Path 1: To recover, your team quickly designs some DOEs, identifies a candidate solution, and kicks off soft tool adjustments. However, the new fix is not validated yet, so while the next build is “DVT,” everyone knows that the product isn’t actually at DVT maturity – we could say it's at “XVT”. This is where you can fall into the trap of continuous building: to avoid delay, your team stays on the original DVT schedule and kicks off unvalidated MP tools on schedule. Unfortunately, more often than not you will find your XVT wasn’t sufficient to roll right into MP, and you’ll need to eventually add a build you weren't planning for and spend significant time and money to go back and modify your hard tools. The delay will be eight to eleven weeks: six to nine weeks for the additional build plus at least two weeks longer because of the time it takes for additional tool modifications.

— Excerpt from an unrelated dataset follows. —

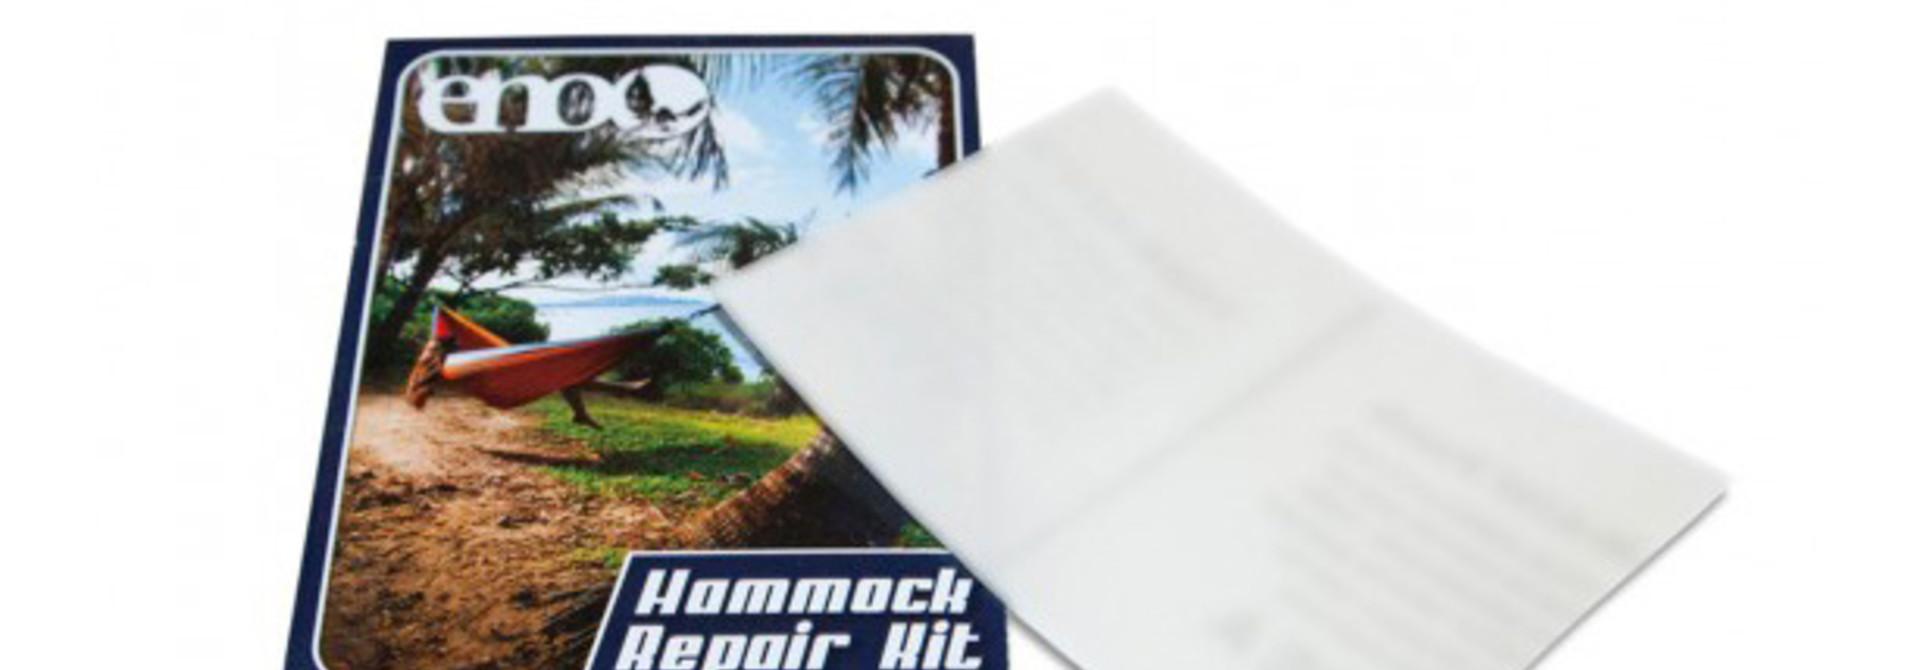 Hammock Repair Kit

Path 2: Instead, your team should take the hit in advance and add the build as an EVT2. Since it’s EVT2, you would hold off on MP tool kickoff until you reach a true DVT state. All in, if your team takes the EVT2 route, the delay will be six to nine weeks.
Playing Schedule Chicken: the true cause of product delays
Delays are caused by unrealistic, overly aggressive schedules designed to meet aggressive goals. Jeff Lutz, who has led engineering and operations teams at Motorola, Lenovo, and others, describes this as "playing Schedule Chicken." Teams on these flawed schedules inevitably fall behind when they encounter an issue that should have been planned for but wasn’t, and in response, may adopt flawed recovery modes – such as continuous building and a cascade of other expensive decisions – that leads to even more delay. Adopting overly optimistic “fake schedules” doesn’t work and will only lead to problems. The correct approach to speed up product development is not to compromise the EVT, DVT, PVT phase gates but instead to target the speed of the build, test, iterate cycle: to shorten the time between when a defect is created on the line, and when that defect is discovered and understood.
Speed up development by focusing on the speed of learning and iteration
Again, there are two parts of the hardware development process: the fundamental build phases (EVT, DVT, PVT), and the iteration cycle teams use to traverse these phases (Build, Test, Iterate). The product delays we see today result from teams trying to speed up the schedule when they should be looking to speed up the iteration cycle. Hardware schedules should always:
- Plan for at least one major unexpected obstacle (I've never seen a program without at least one)
- Aim for hard iterations, keeping parallel iteration to a minimum and only with structured DOEs
- Wait until after EVT reliability test results confirm a good design before kicking off hard tooling
In practical terms, iteration speed originates from faster discovery of issues, faster root cause analysis, and a tight feedback loop to make changes on the line. Manufacturing traceability and a solid main issues list (MIL) process are a great way to start -- and once that is in place, improved access to data and analysis technology through manufacturing analytics is the next step. Finding issues faster gives teams a head start on fixing them and ultimately enables them to traverse through EVT, DVT, and PVT on or ahead of schedule and ultimately paves the way for manufacturing optimization.